-- RECORDS FOR THIS EXERCISE follows --

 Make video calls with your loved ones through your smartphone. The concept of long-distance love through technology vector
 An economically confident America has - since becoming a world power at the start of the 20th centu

-- RECORDS FOR THIS EXERCISE concluded --
-- RECORDS FOR THIS EXERCISE follows --

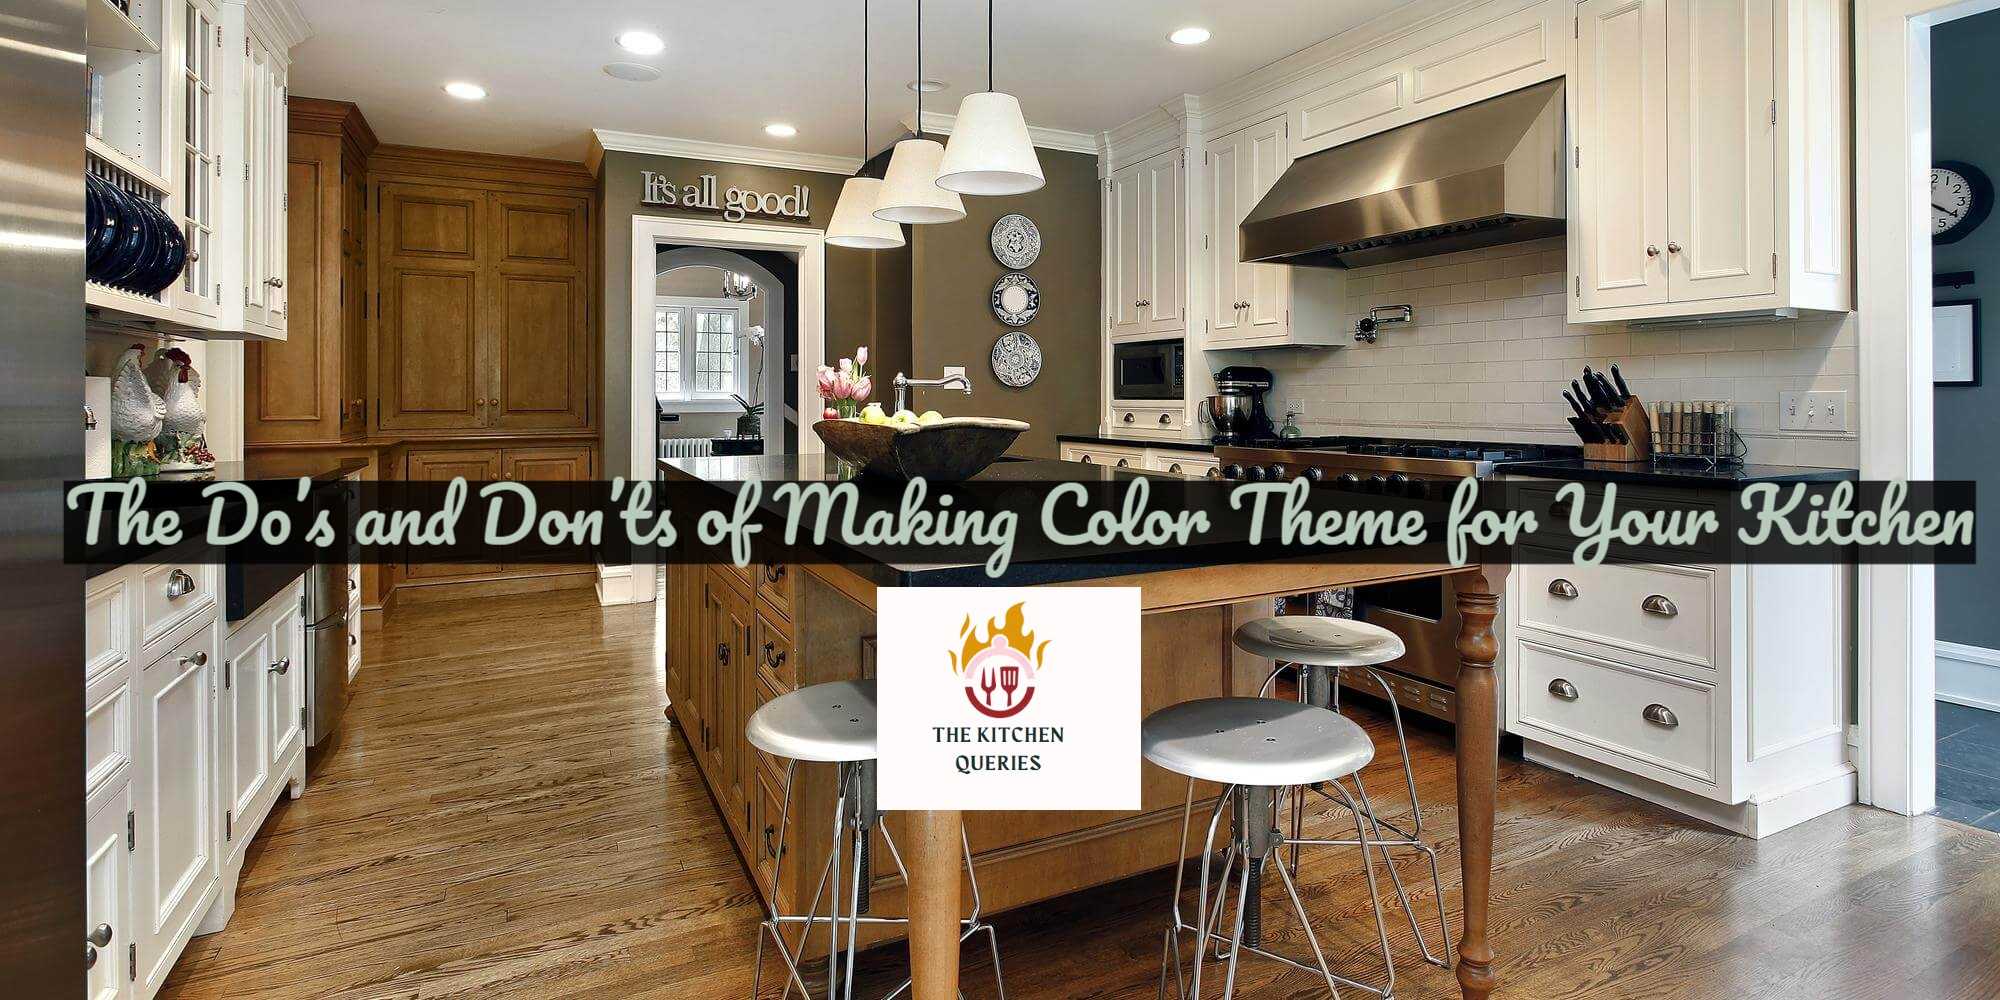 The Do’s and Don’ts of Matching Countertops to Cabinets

-- RECORDS FOR THIS EXERCISE concluded --
-- RECORDS FOR THIS EXERCISE follows --

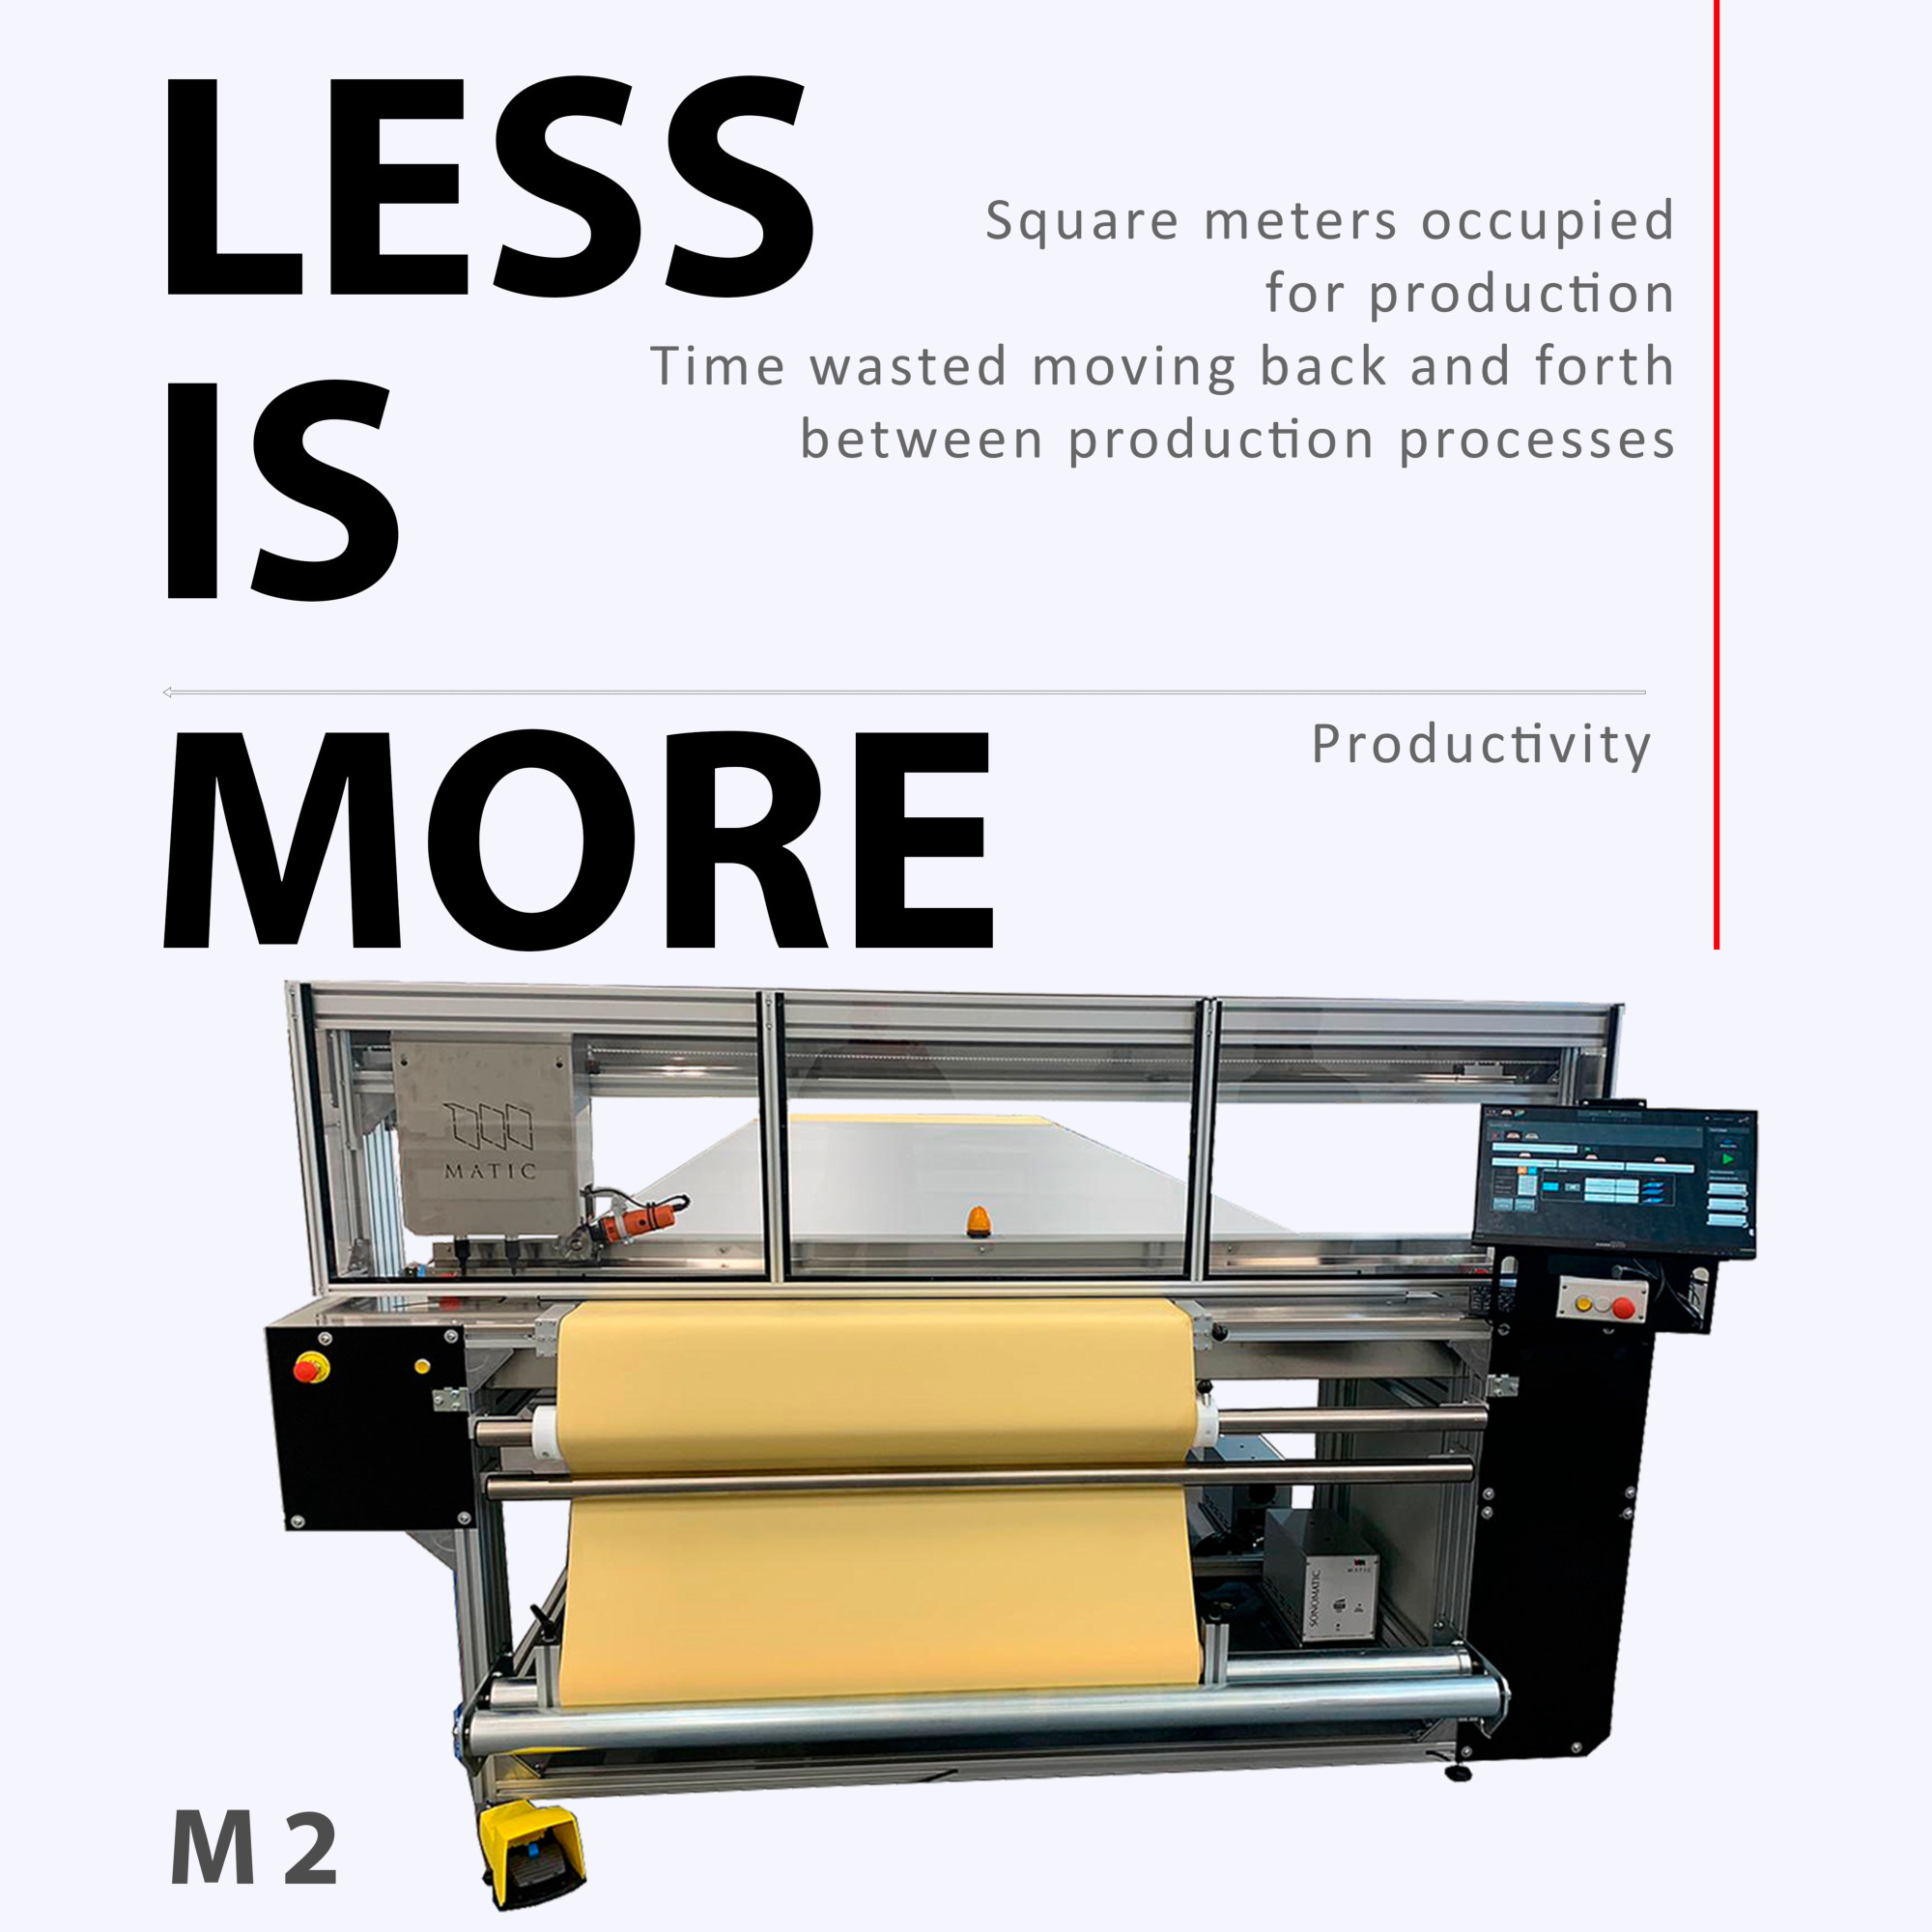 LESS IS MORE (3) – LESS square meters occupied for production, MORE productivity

-- RECORDS FOR THIS EXERCISE concluded --

_WHAT YOU ARE ASKED TO DO_
Retype exactly the lines above, from the one with "Make video calls" through the one with "An economically confident", inclusive.

_EXERCISE SOLUTION_
 Make video calls with your loved ones through your smartphone. The concept of long-distance love through technology vector
 An economically confident America has - since becoming a world power at the start of the 20th centu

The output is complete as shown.